Q1. Scenario: You are training a model and the loss is decreasing slowly. You try increasing the learning rate, but then the loss starts oscillating wildly. What is happening? How to fix?
Learning rate is too large, causing overshooting and divergence. The oscillations mean the updates are crossing the minimum repeatedly. Solutions: decrease learning rate, add momentum to smooth updates, or use learning rate decay (reduce LR over time). Adaptive methods like Adam can also help.
Q2. Scenario: In gradient descent, you can use a learning rate schedule. Why would you start with a higher LR and then decrease? Give an example schedule.
Starting with high LR allows fast initial progress; later, lower LR allows fine-tuning to avoid oscillations around the minimum.

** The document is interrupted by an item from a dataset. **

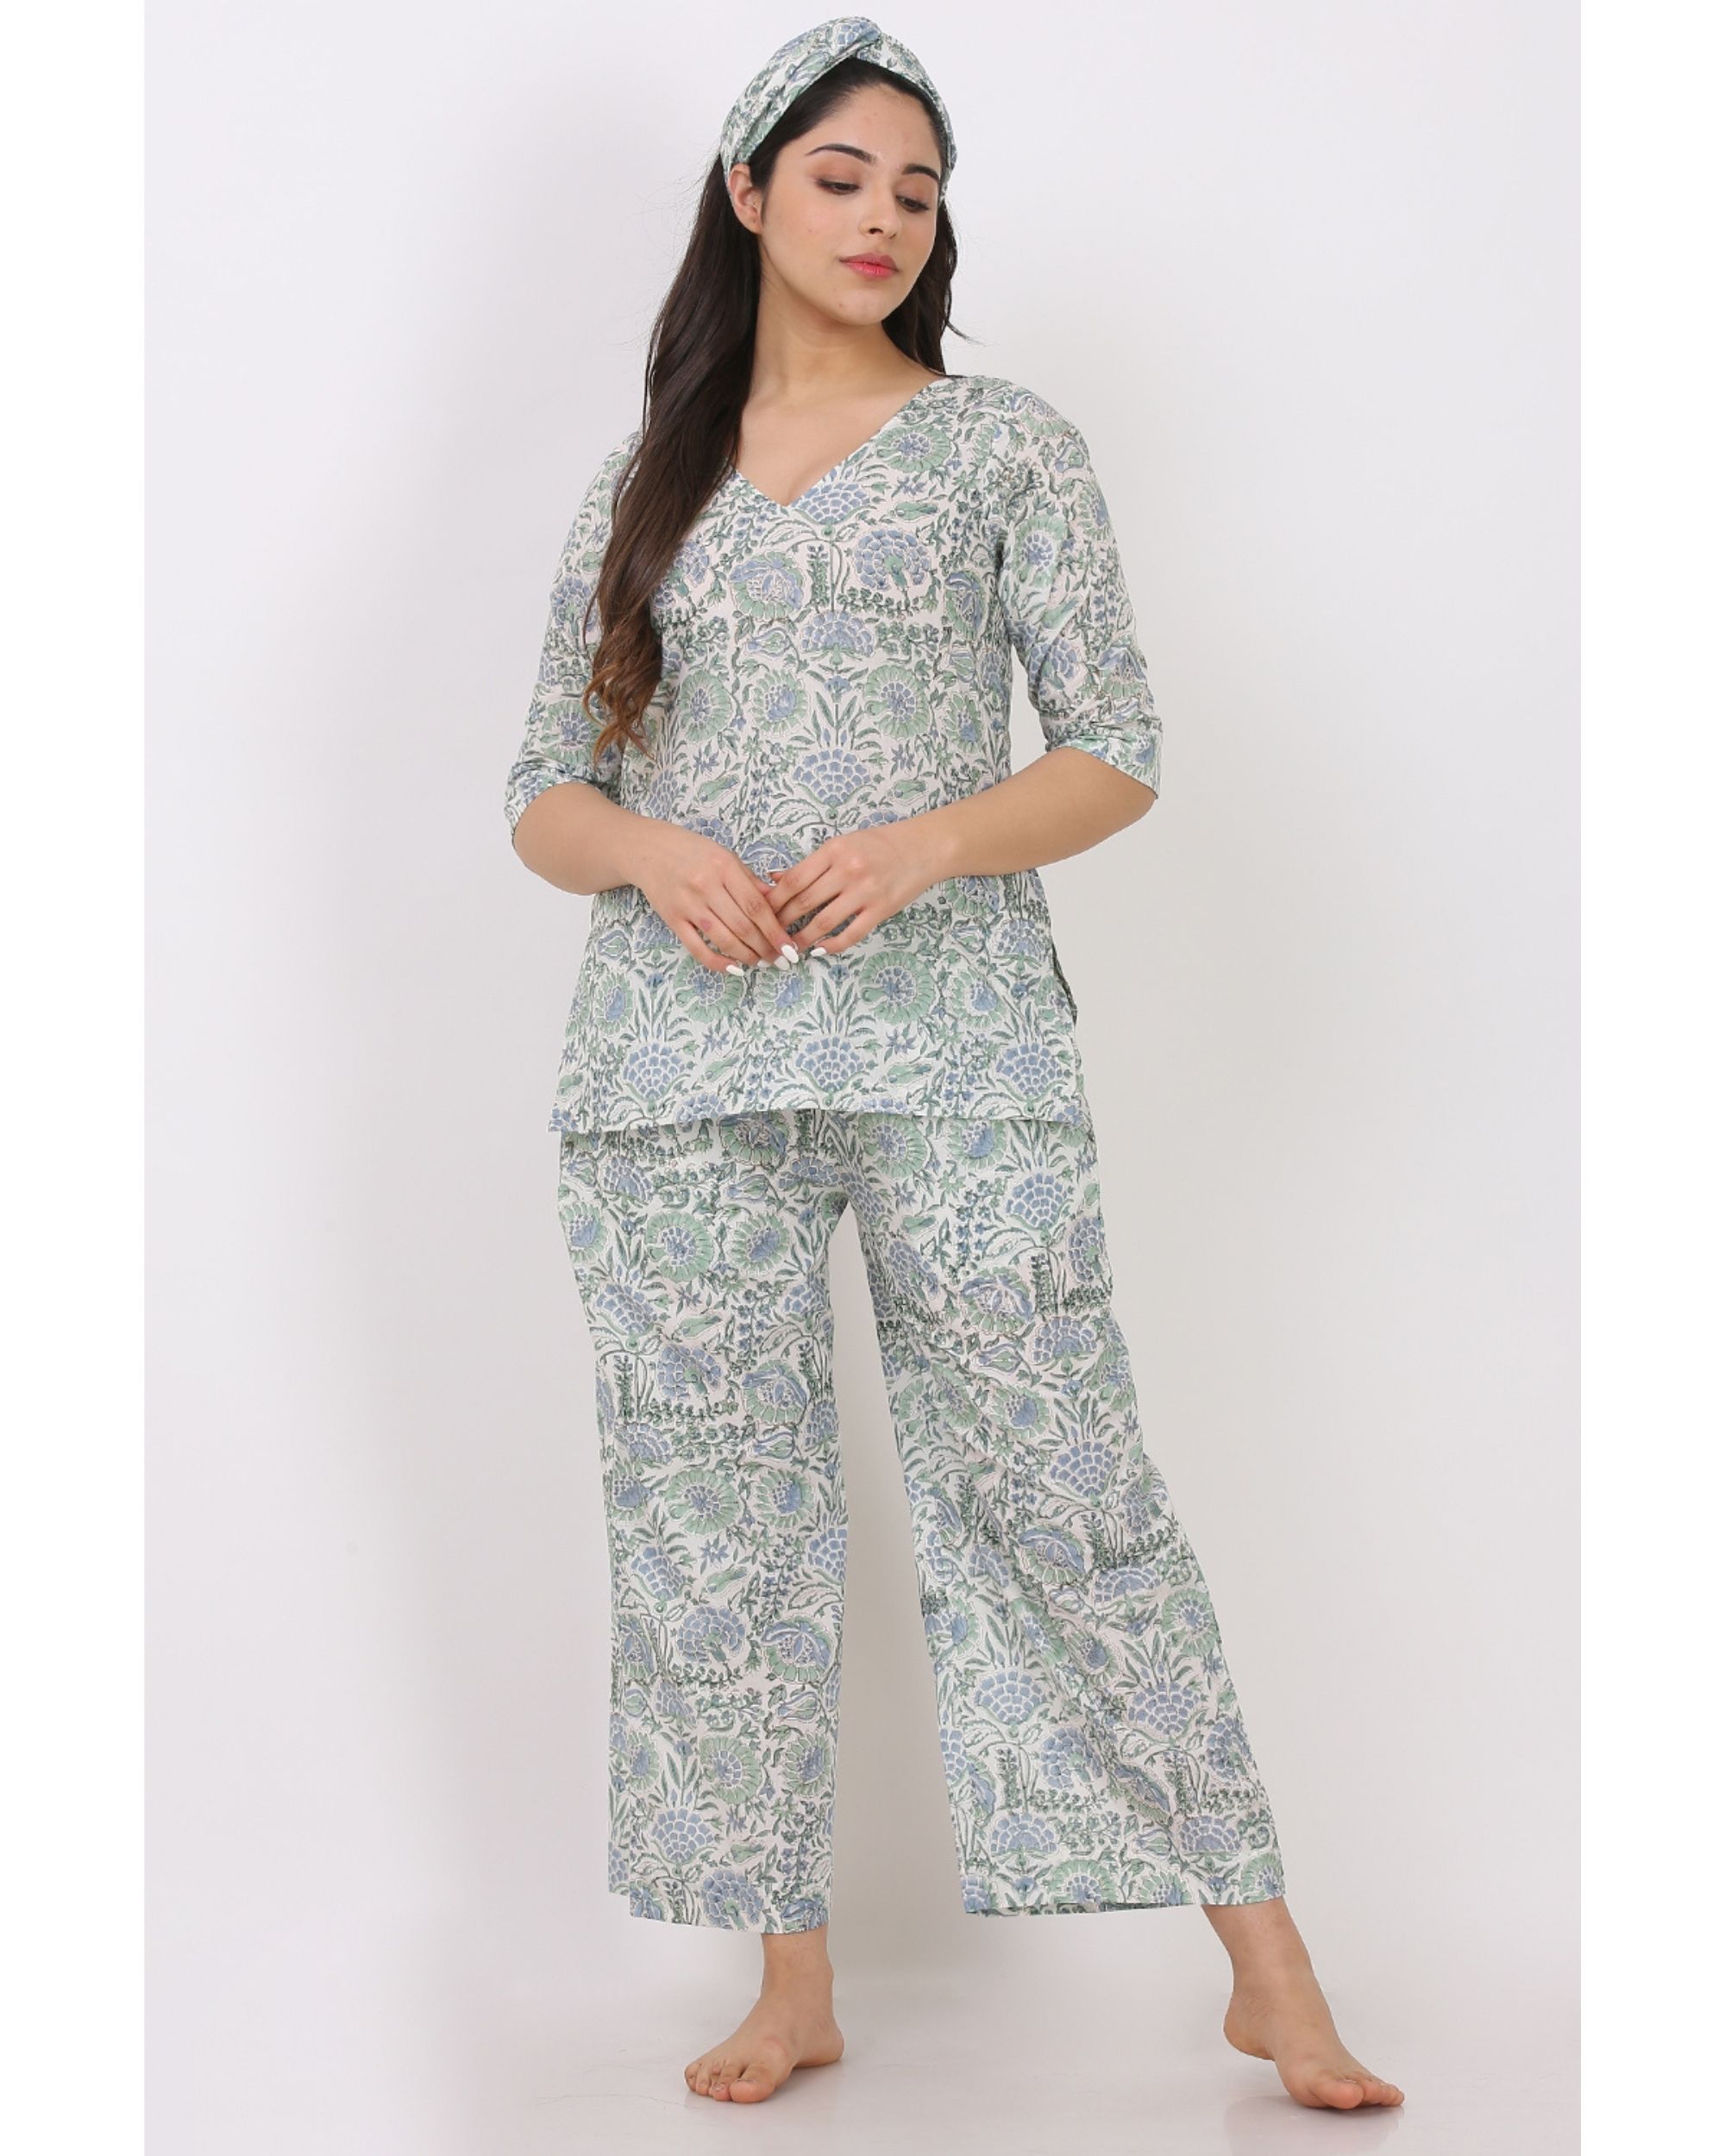 Sky blue short printed kurta and pyjama with hair band - set of three

Example: exponential decay η_t = η_0 * exp(-k·t), or step decay (reduce by factor every 10 epochs). This improves both speed and final convergence.

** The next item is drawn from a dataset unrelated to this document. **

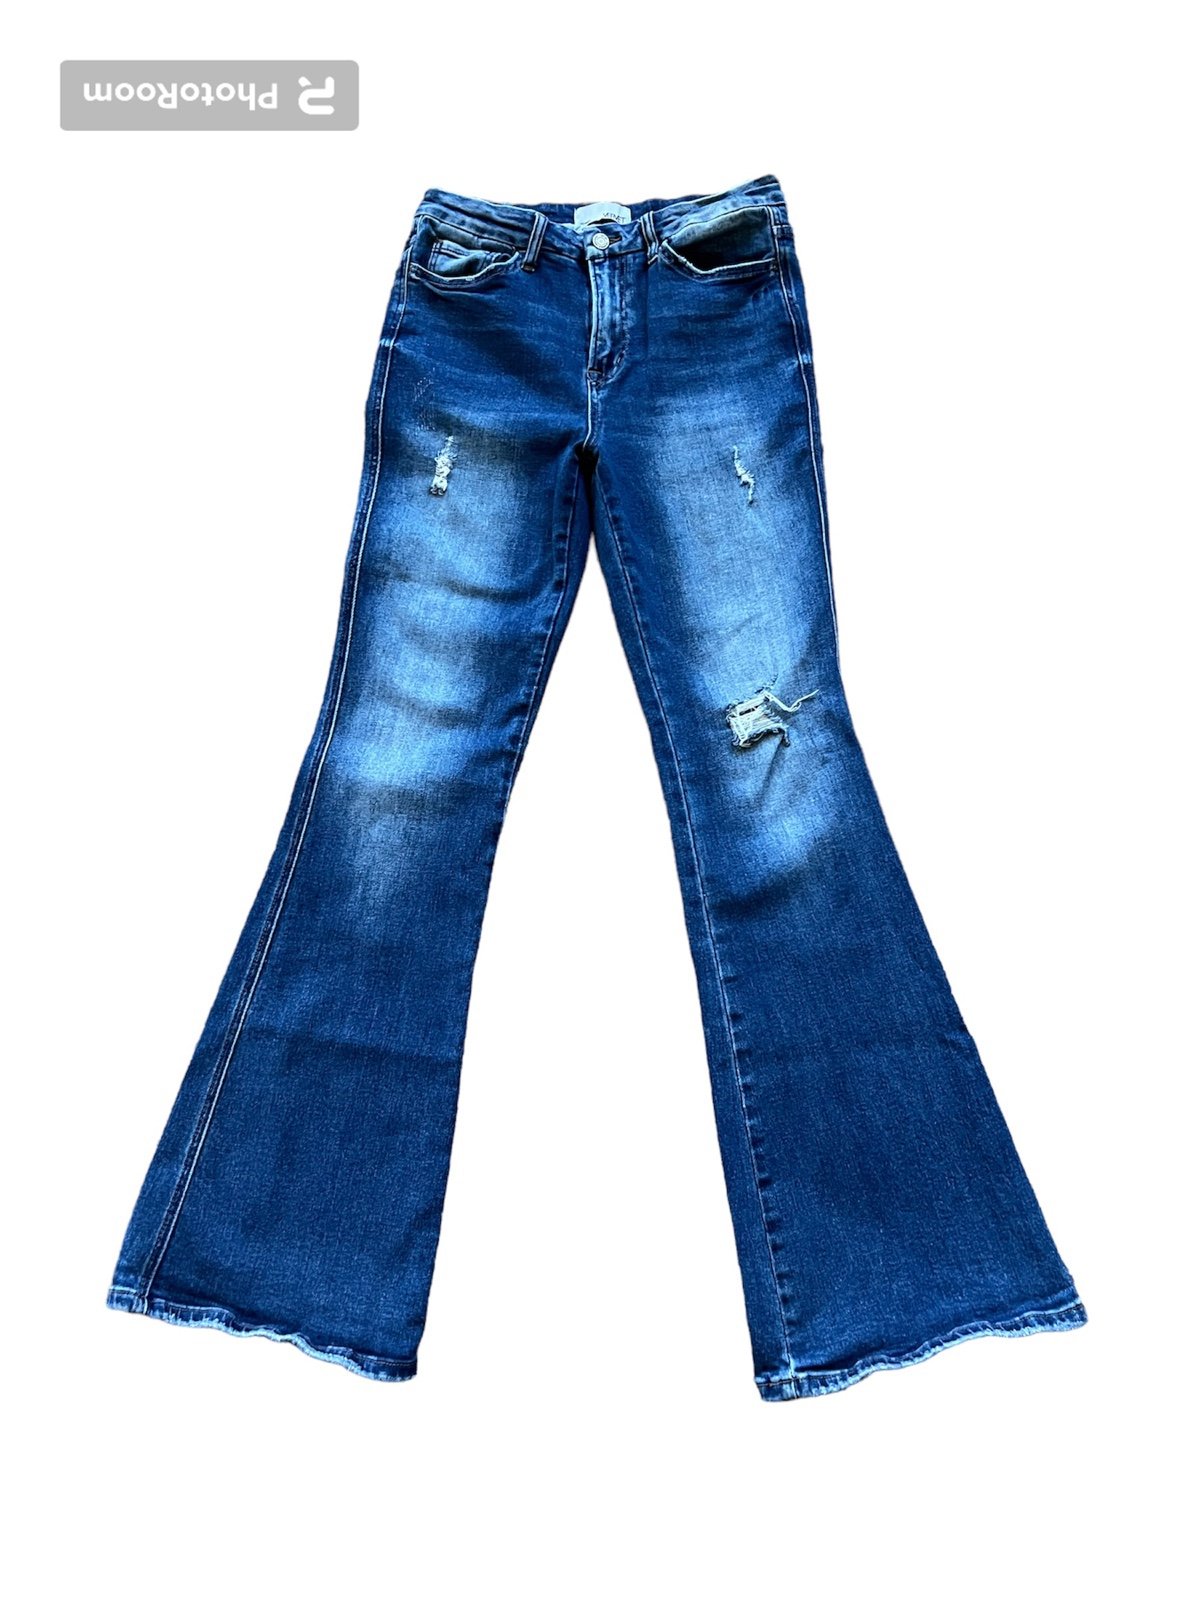 Custom Vervet jeans size 29 OZIWv36lm Buying Cheap

Q3. Scenario: For a convex quadratic function, the optimal learning rate is known. For f(w)=½(w-2)², compute the learning rate that takes you to the optimum in one step from any starting point?
f'(w)=w-2. Gradient descent: w_new = w - η(w-2). We want w_new = 2 for any w, so 2 = w - η(w-2) => 2 - w = -η(w-2) => -(w-2)= -η(w-2) => η=1. So η=1 gives exact solution in one step. For general quadratics, optimal η = 1/λ_max (maximum eigenvalue of Hessian).
Q4. Scenario: In non-convex optimization, you observe that training loss plateaus for many iterations, then suddenly drops. What might have happened?
The optimizer may have been stuck near a saddle point or a flat region. The gradient is near zero, but due to momentum or stochastic noise, it eventually escapes. This is common in deep learning; techniques like learning rate warm-up, residual connections, and batch normalization help.
Q5. Scenario: You compare training loss curves with two different learning rates: 0.01 and 0.1. The 0.1 curve shows loss decreasing quickly but then bouncing. The 0.01 curve steadily decreases but takes longer. Which might generalize better? Why?
The 0.01 curve may generalize better because it avoids sharp minima that lead to overfitting (larger LR may overshoot into sharp minima). Literature suggests that flat minima generalize better, and smaller learning rates help converge to flatter regions. However, too small LR may cause under-training.